_The input:_
=== Section Start ===
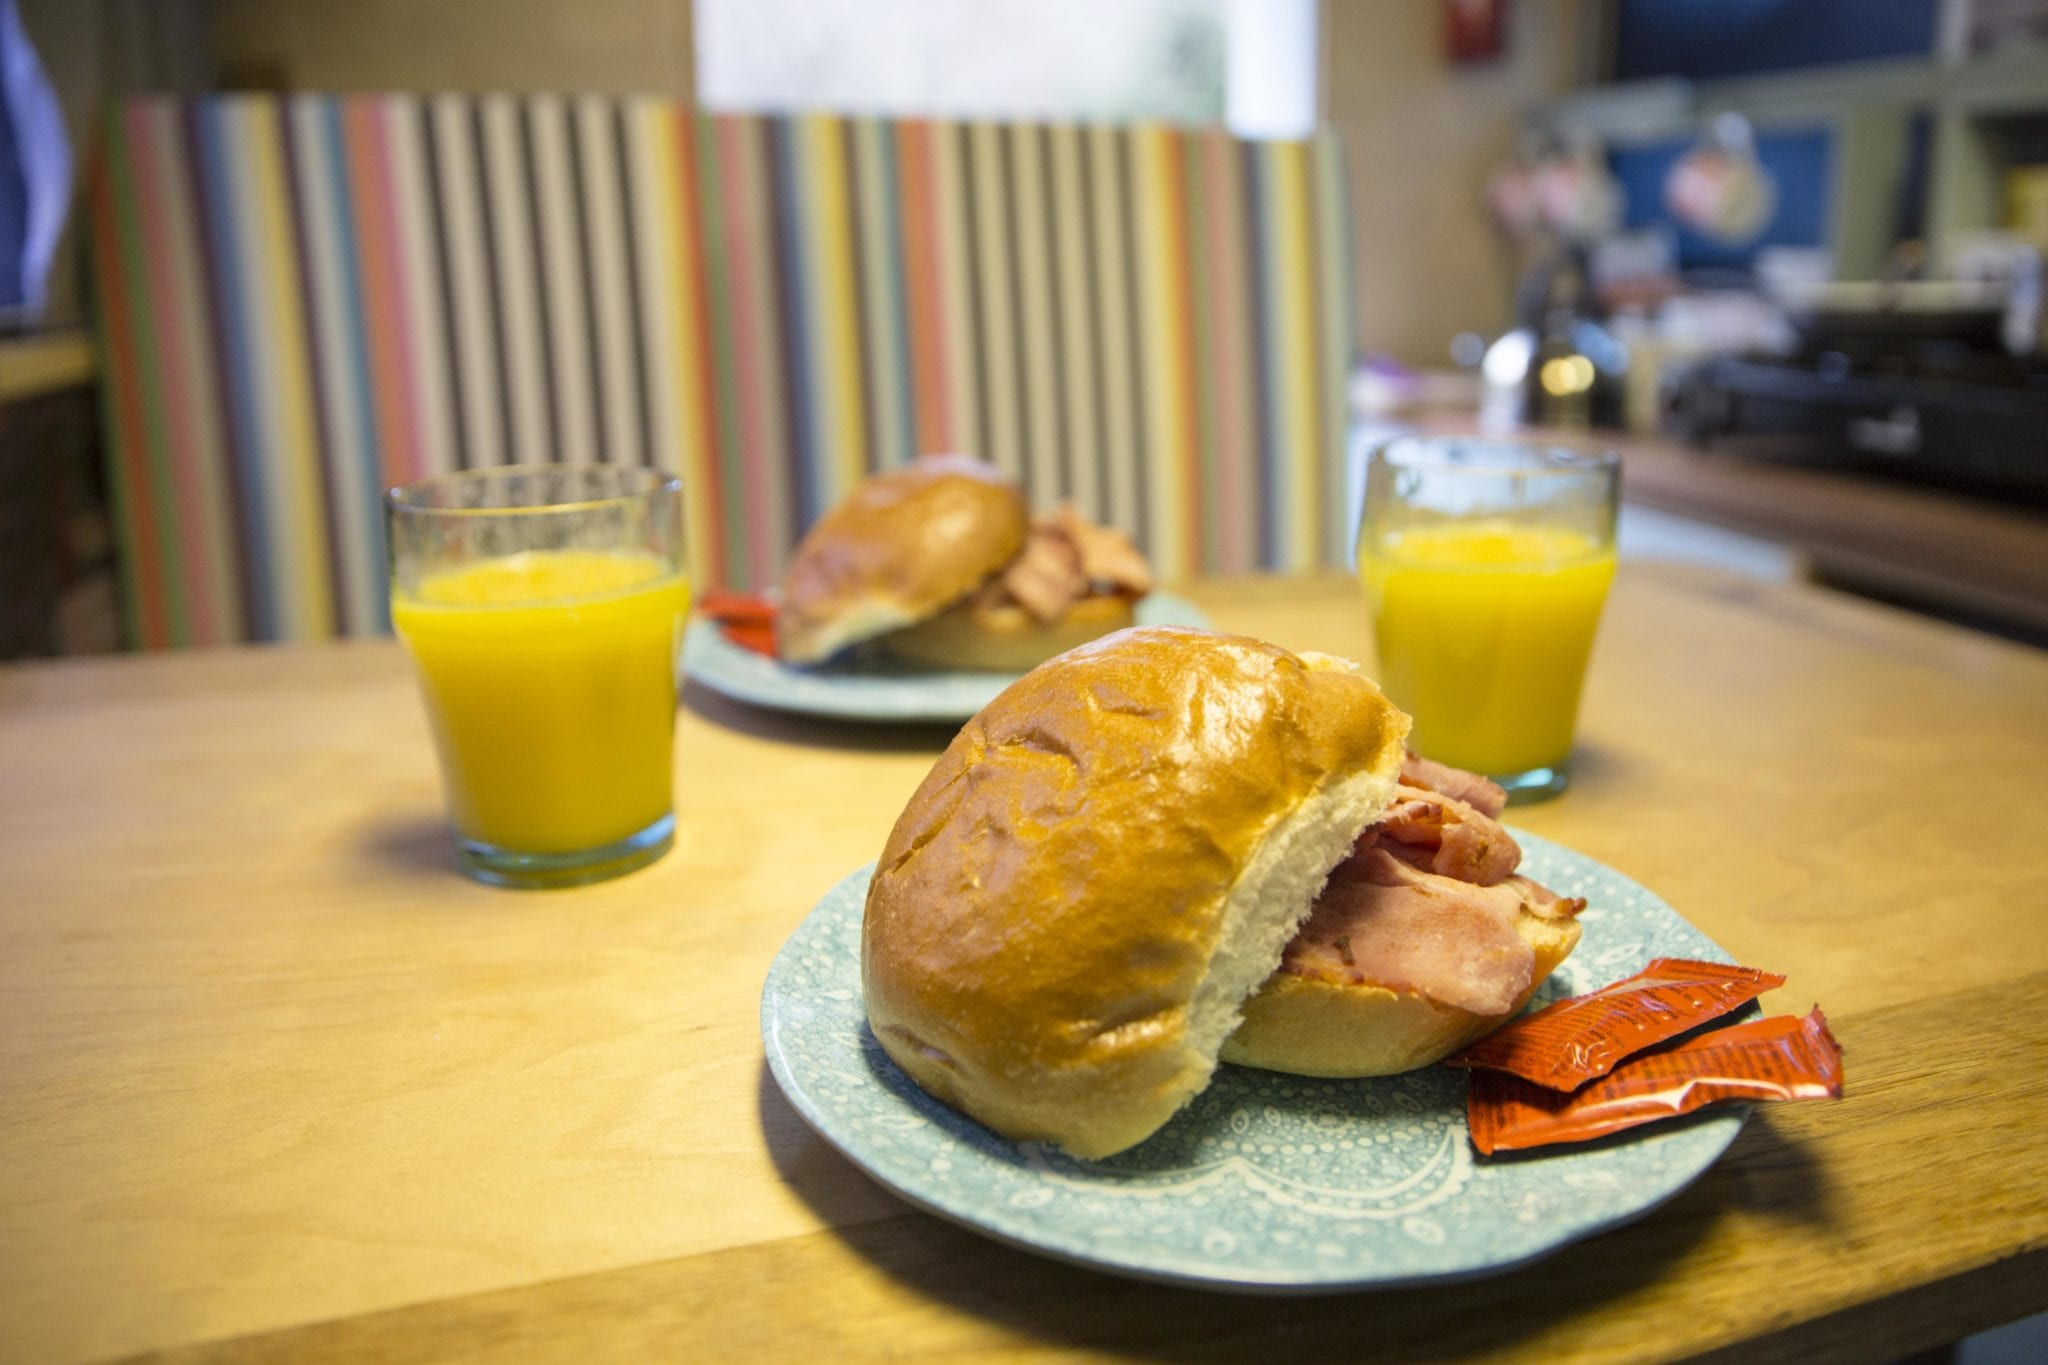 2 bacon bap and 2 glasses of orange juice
=== Section End ===
=== Section Start ===
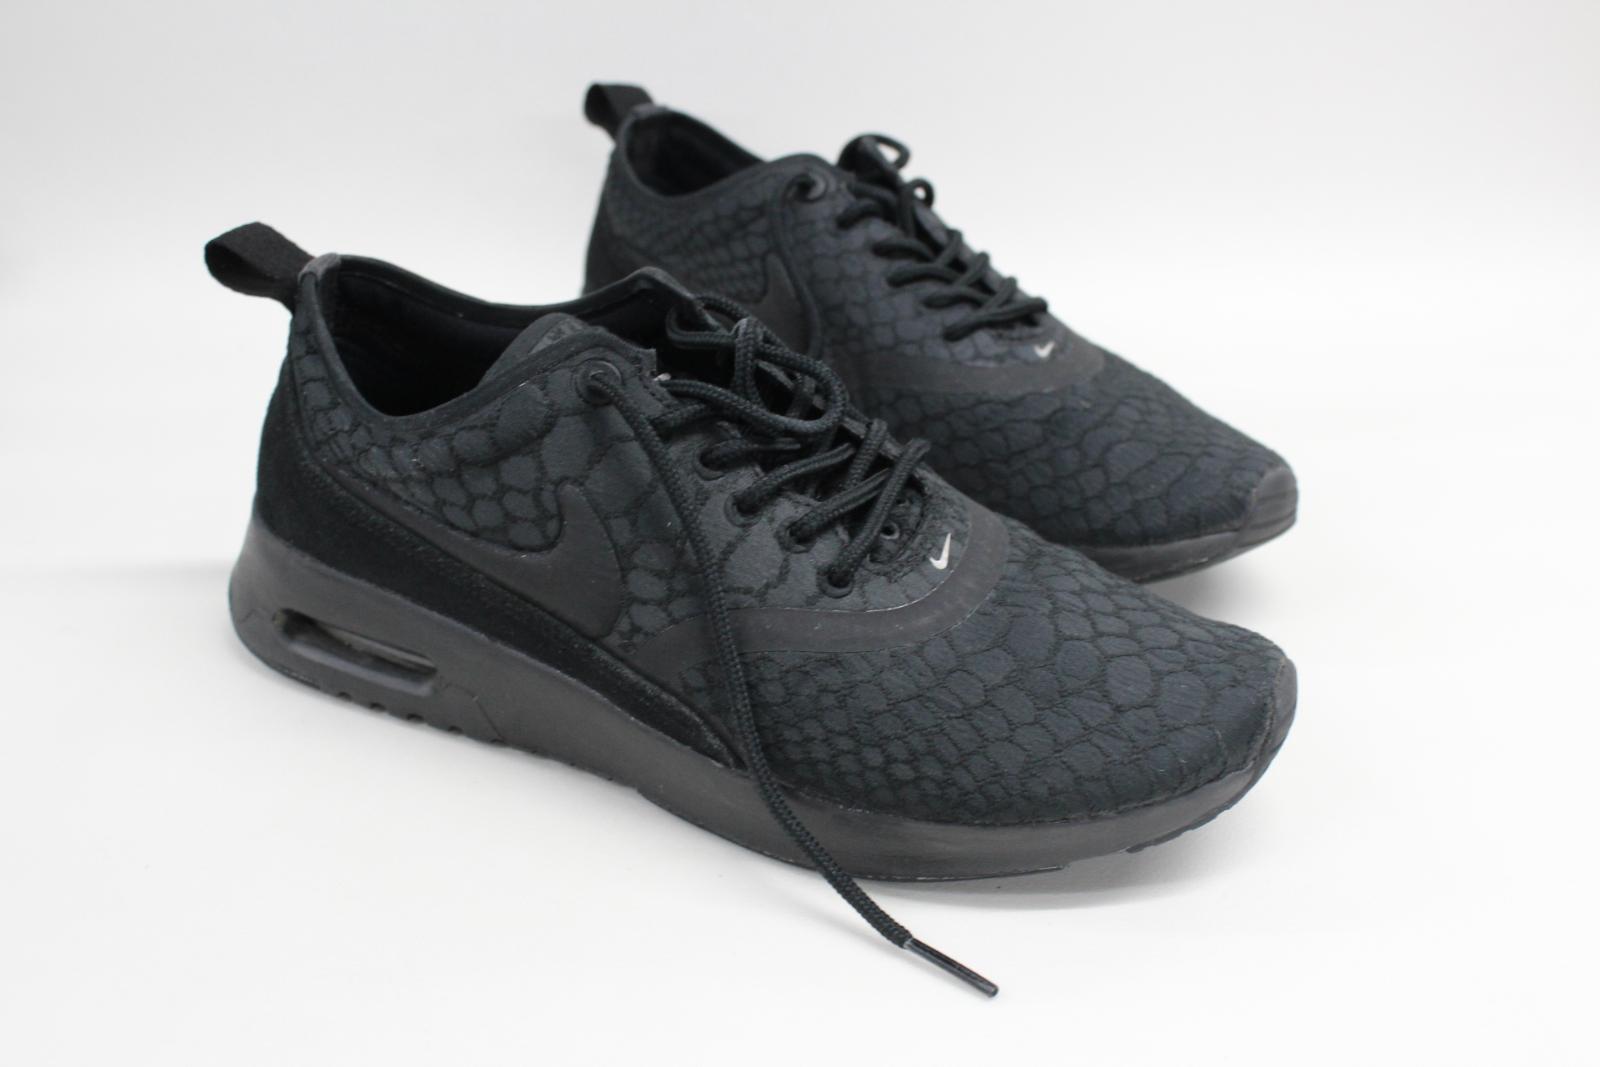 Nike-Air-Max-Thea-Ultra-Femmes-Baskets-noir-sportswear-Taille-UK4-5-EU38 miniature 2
=== Section End ===
=== Section Start ===
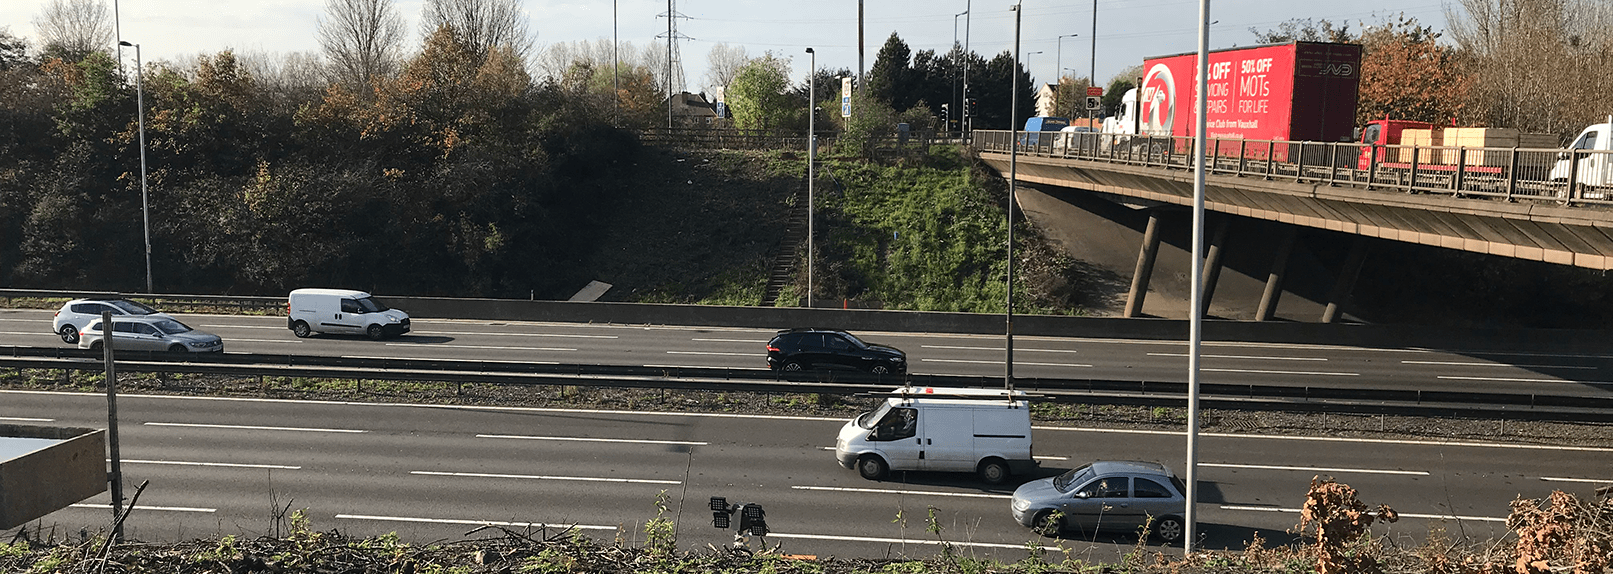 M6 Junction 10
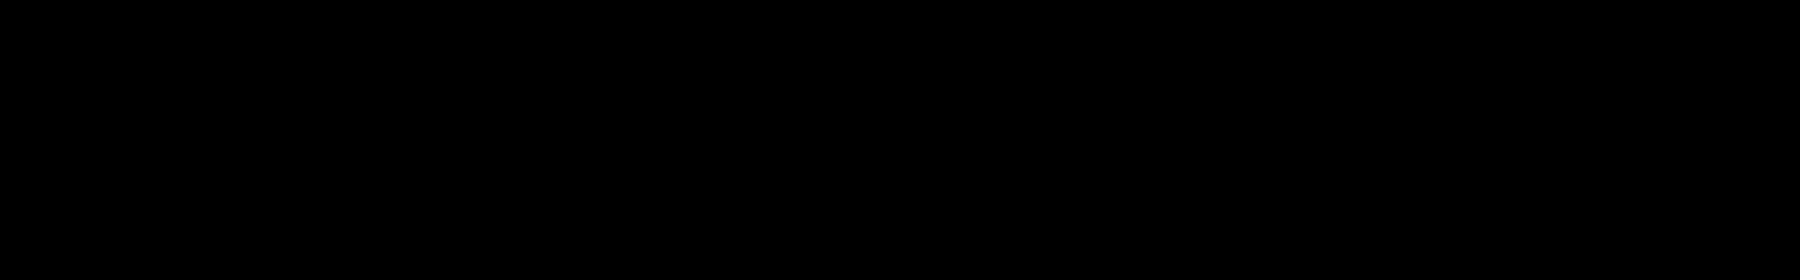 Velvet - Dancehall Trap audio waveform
=== Section End ===
From the line containing "M6 Junction 10" through the line containing "Velvet - Dancehall Trap audio waveform", copy every line above exactly, without pictures.

 M6 Junction 10
 Velvet - Dancehall Trap audio waveform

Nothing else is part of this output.